Changing Horizon
This article is from the archive of The New York Sun before the launch of its new website in 2022. The Sun has neither altered nor updated such articles but will seek to correct any errors, mis-categorizations or other problems introduced during transfer.

The news brought in by our Joseph Goldstein on yesterday’s front page, about how black partners at major law firms are mobilizing behind the presidential campaign of Senator Obama, is more than just a political story. A partner at Dewey & LeBoeuf, Gordon Davis, who is a former city parks commissioner and former president of Lincoln Center, told the New York Sun that when he made partner in 1983 at Lord, Day & Lord, he became the fifth black partner then working at a major firm in the entire city. Now there are about 125. “In 1983, of the few of us that were, none of us were thinking about running for president,” Mr. Davis said. “It’s a different sense of horizon.”

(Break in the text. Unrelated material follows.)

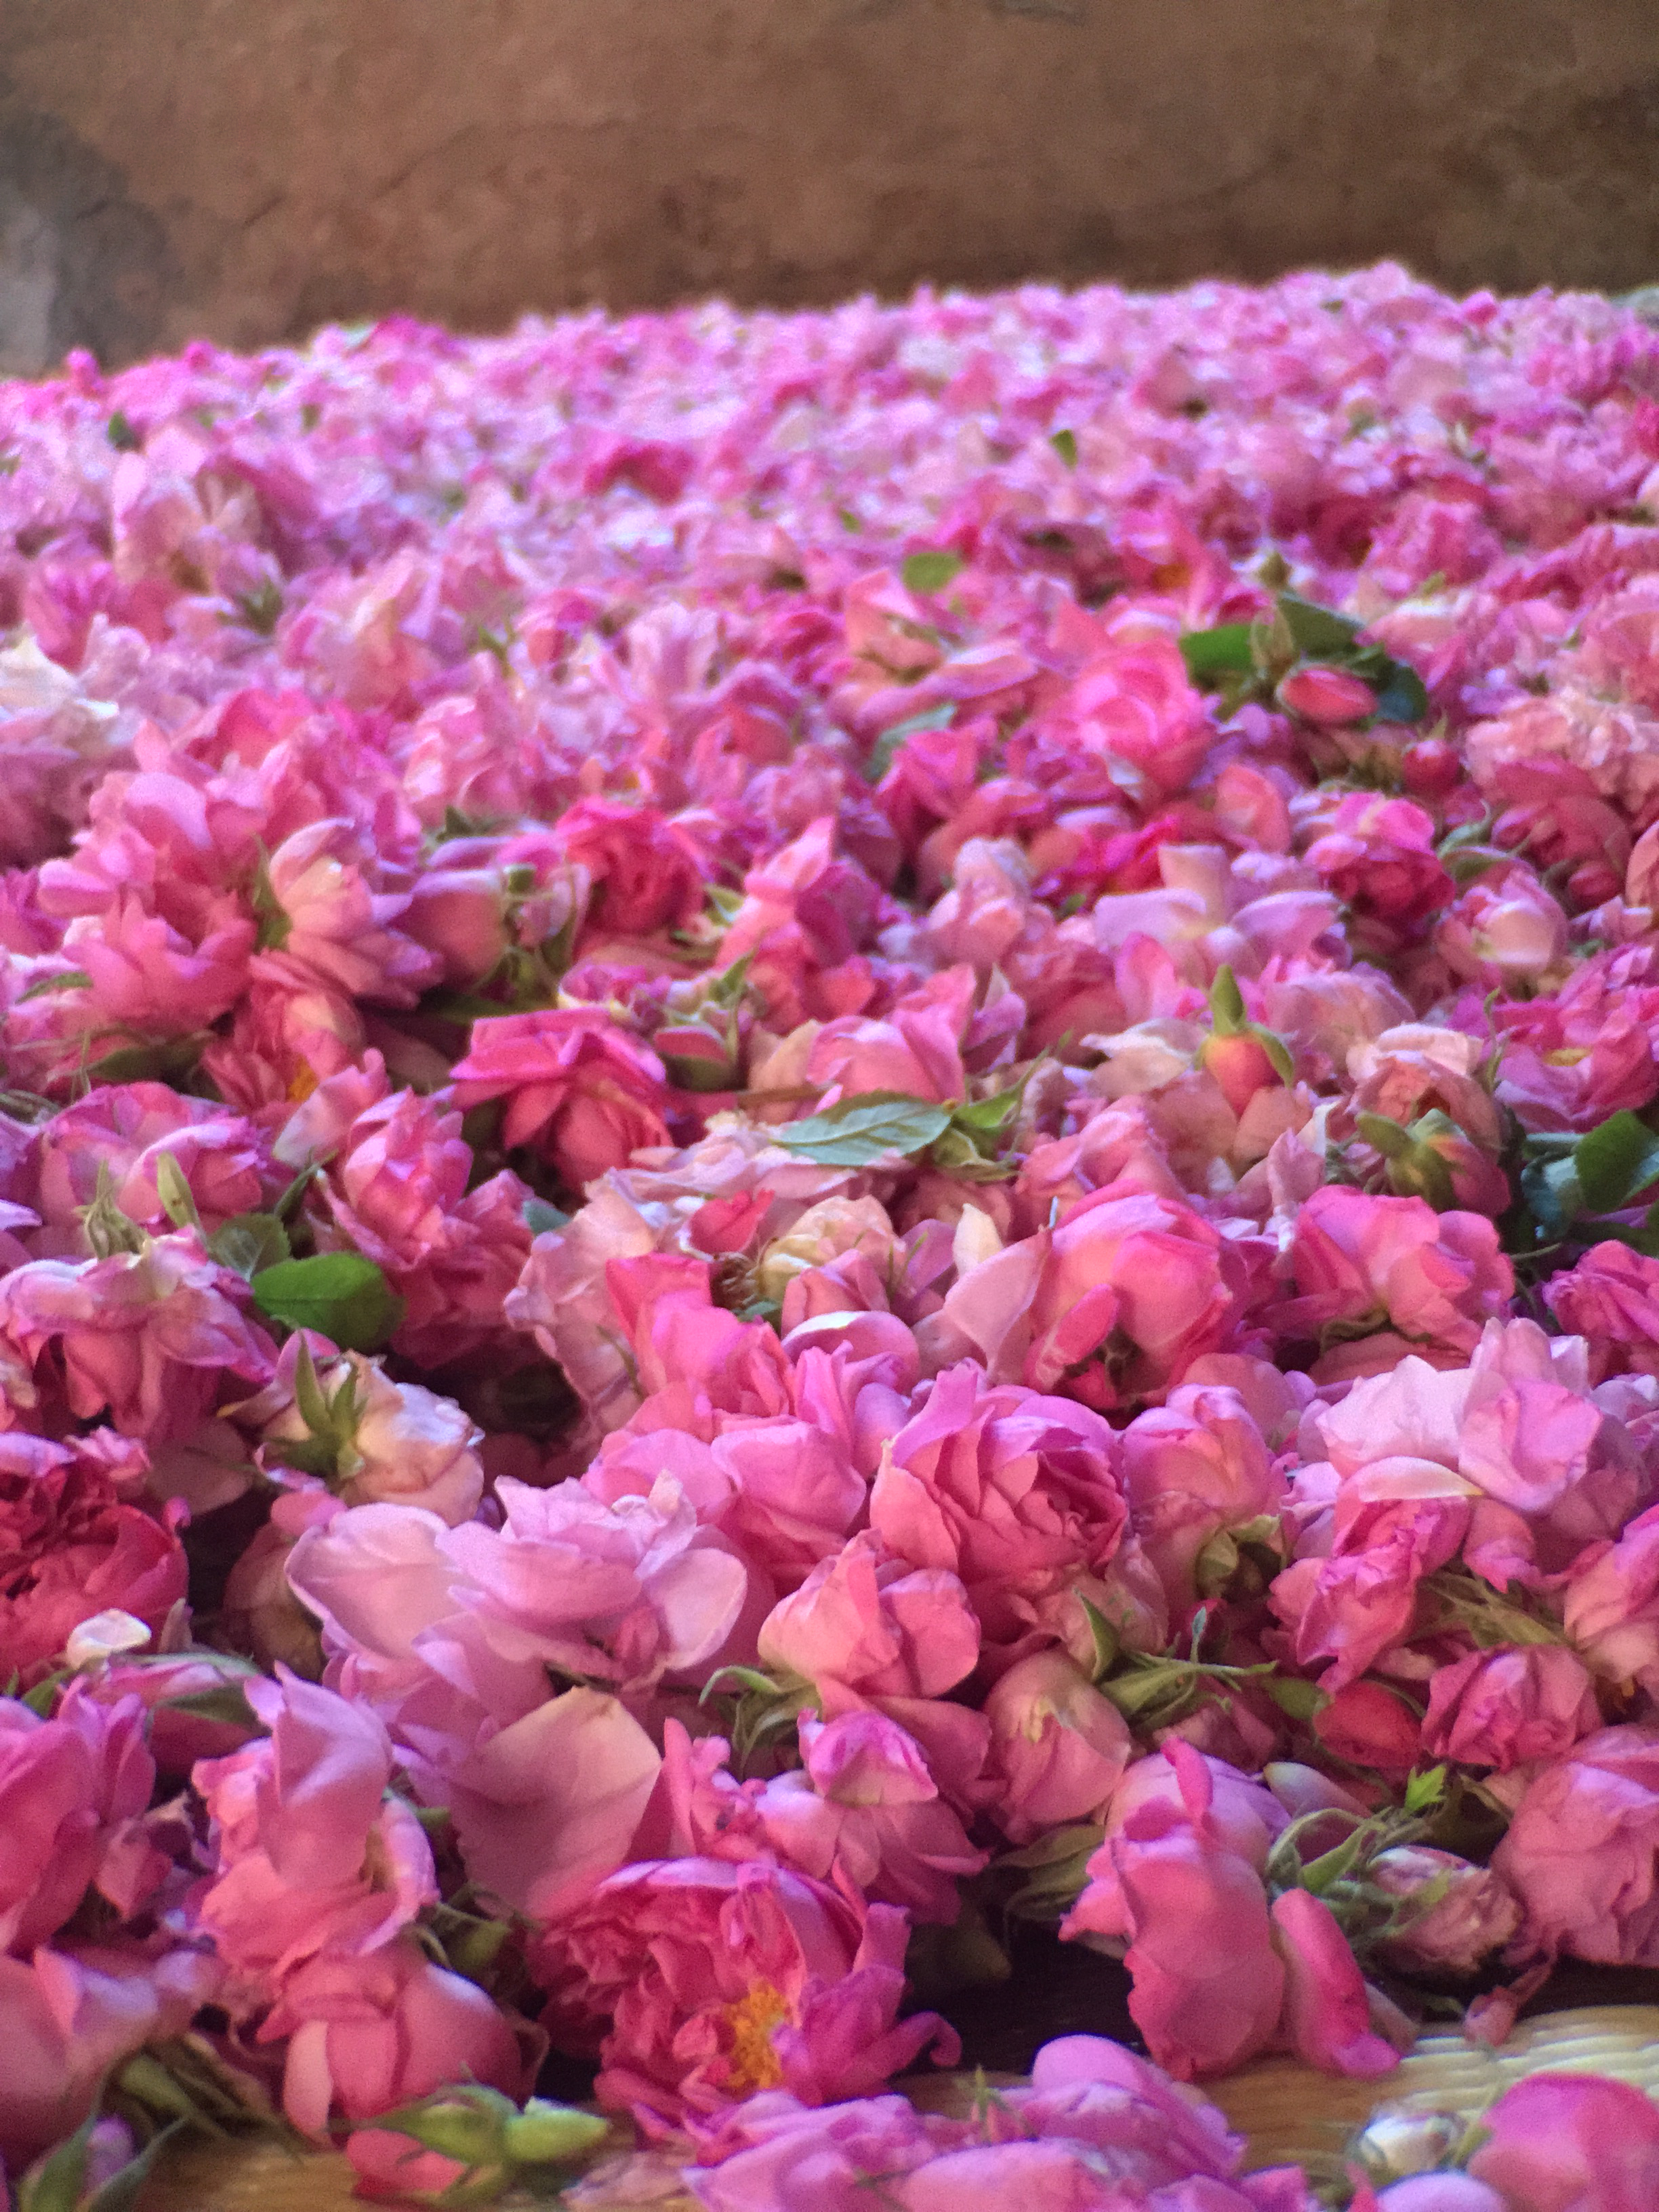 2.pile of roses.jpg
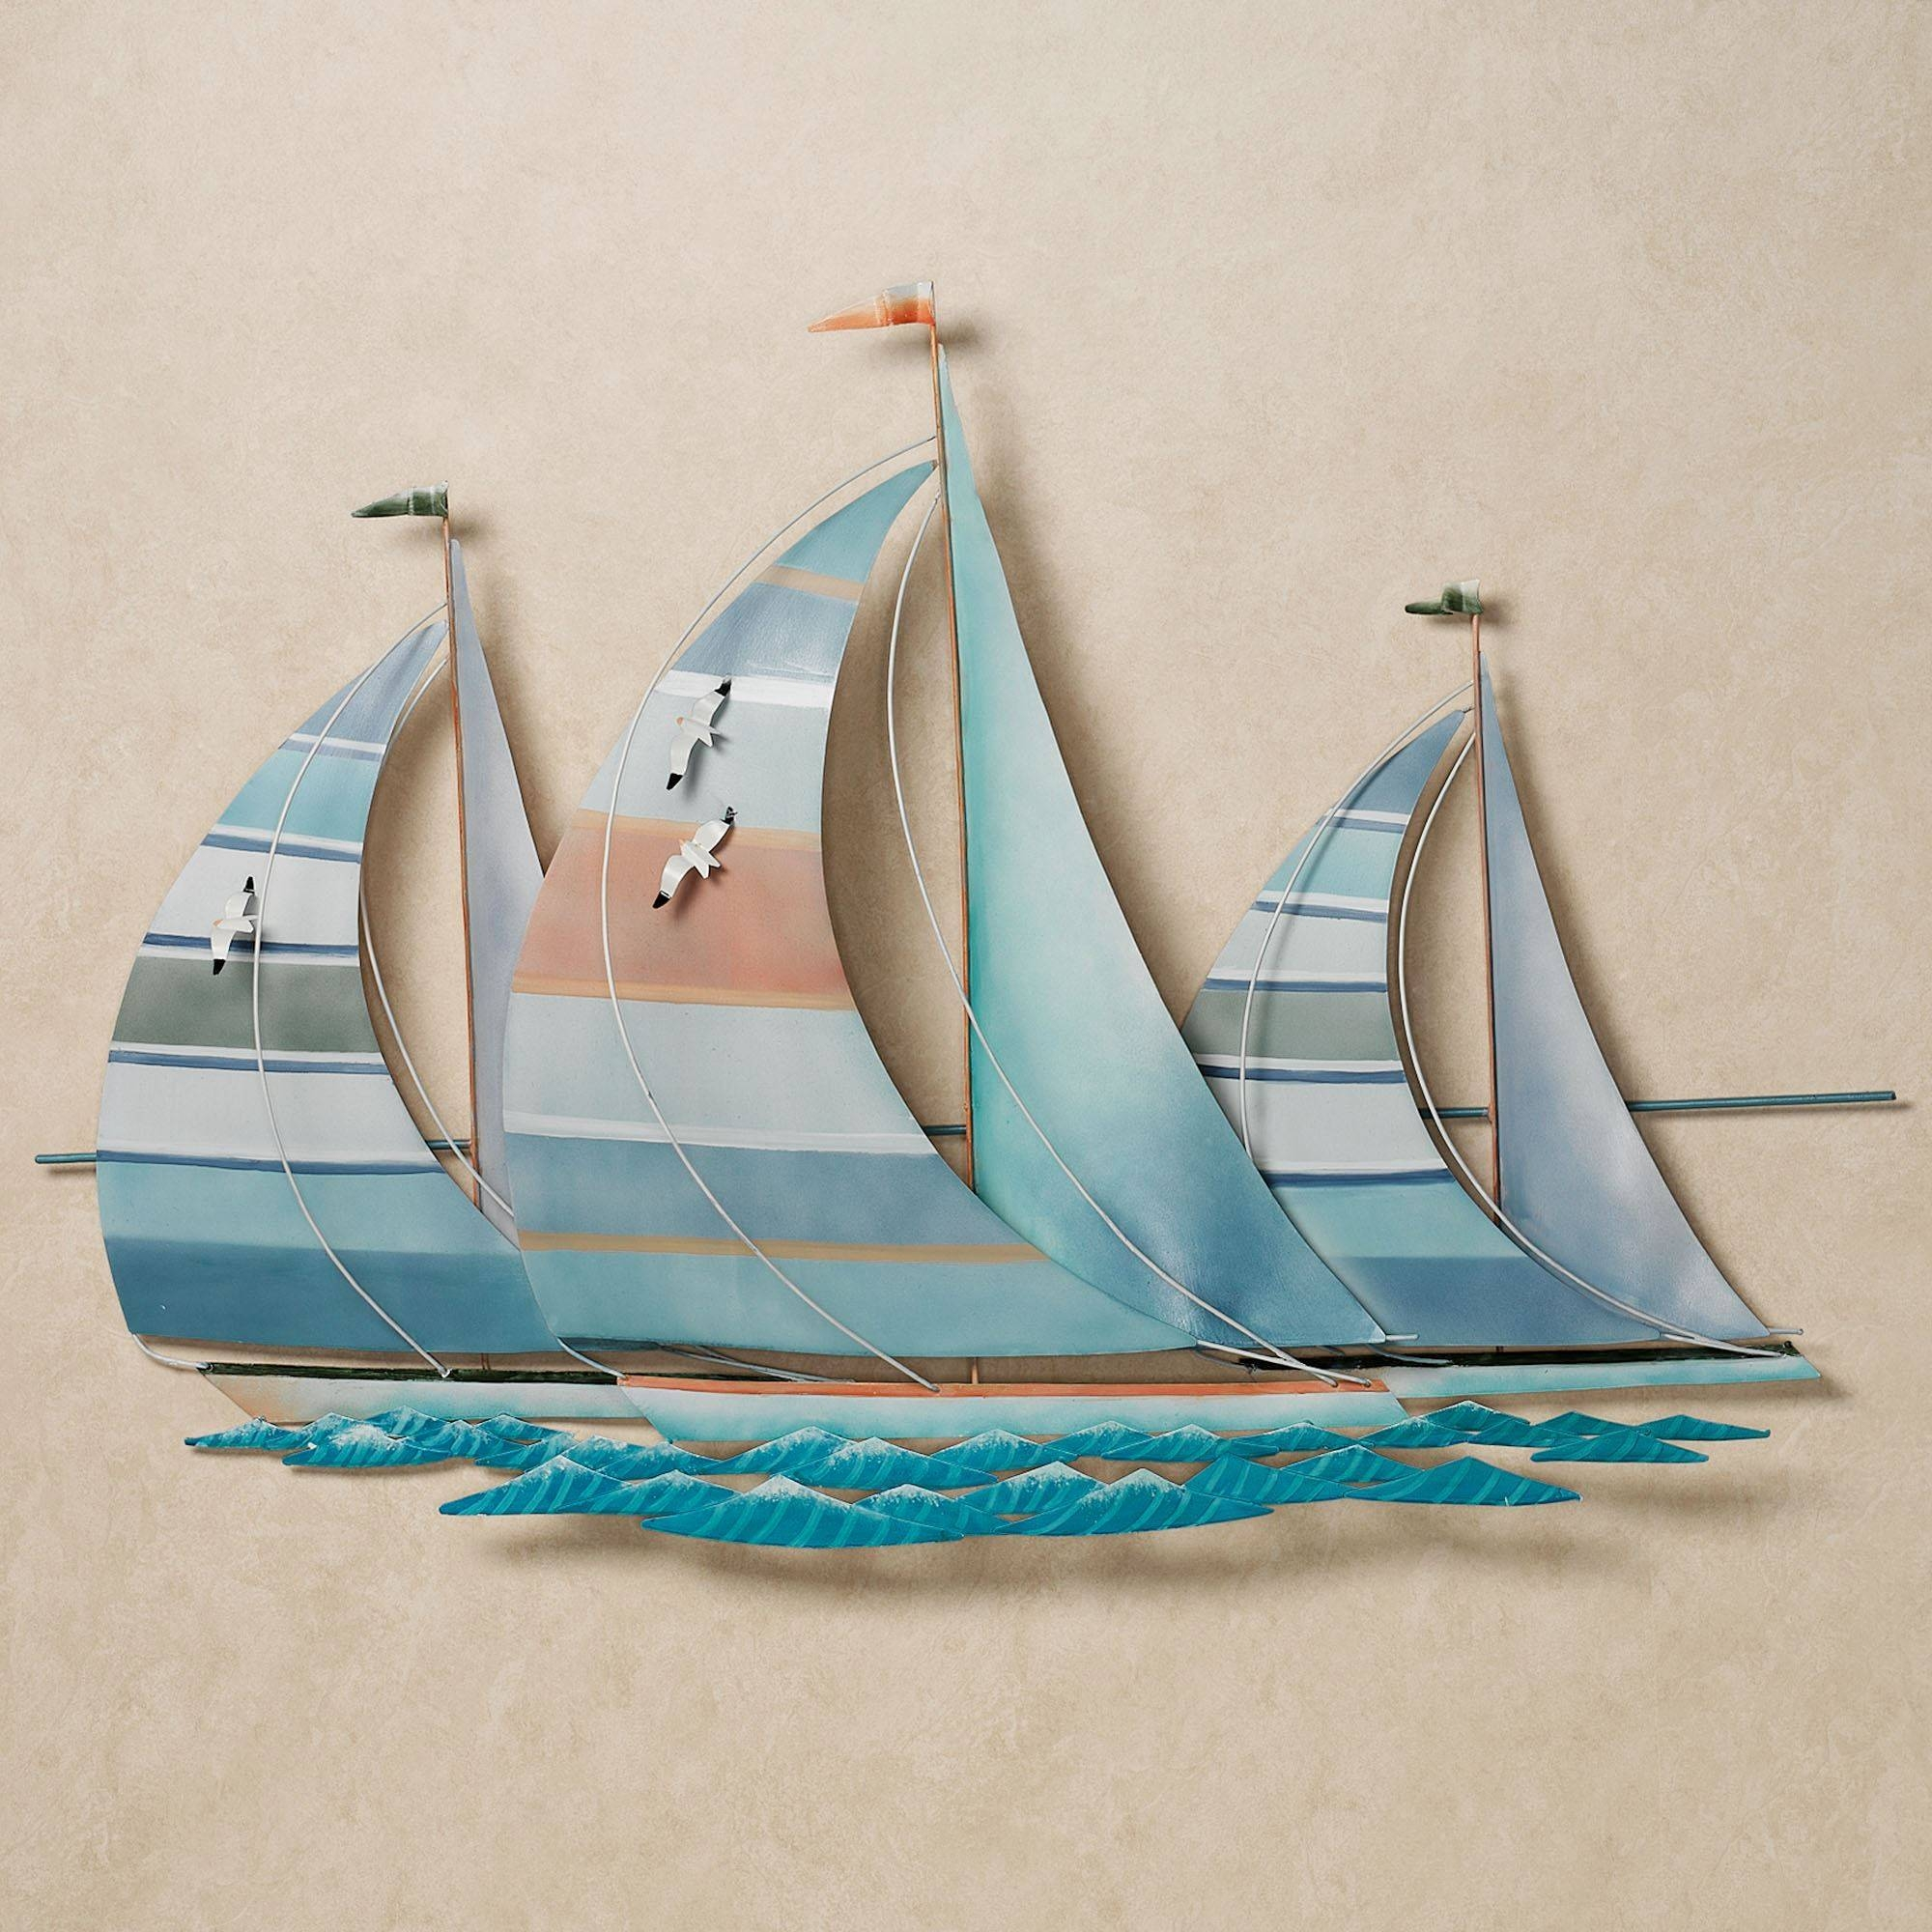 Regatta Finish Line Multi Cool Metal Sailboat Wall Sculpture For Latest Sailboat Metal Wall Art (Gallery 2 of 30)

Mr. Davis’s remark strikes us as noteworthy. In absolute numbers, the gains may be decidedly modest, still leaving black lawyers at levels below 3% of the partners at major firms, far below their representation in the general population. But the pace of change, the 20-or-more-fold increase in the number of black partners at major law firms in the city, that pace is encouraging. It is encouraging to hear someone of Mr. Davis’s distinction speaking of a new horizon. And the sense of excitement among this small, but important slice of our city’s mosaic, is, even for those of us who disagree with Mr. Obama on policy, good to hear voiced.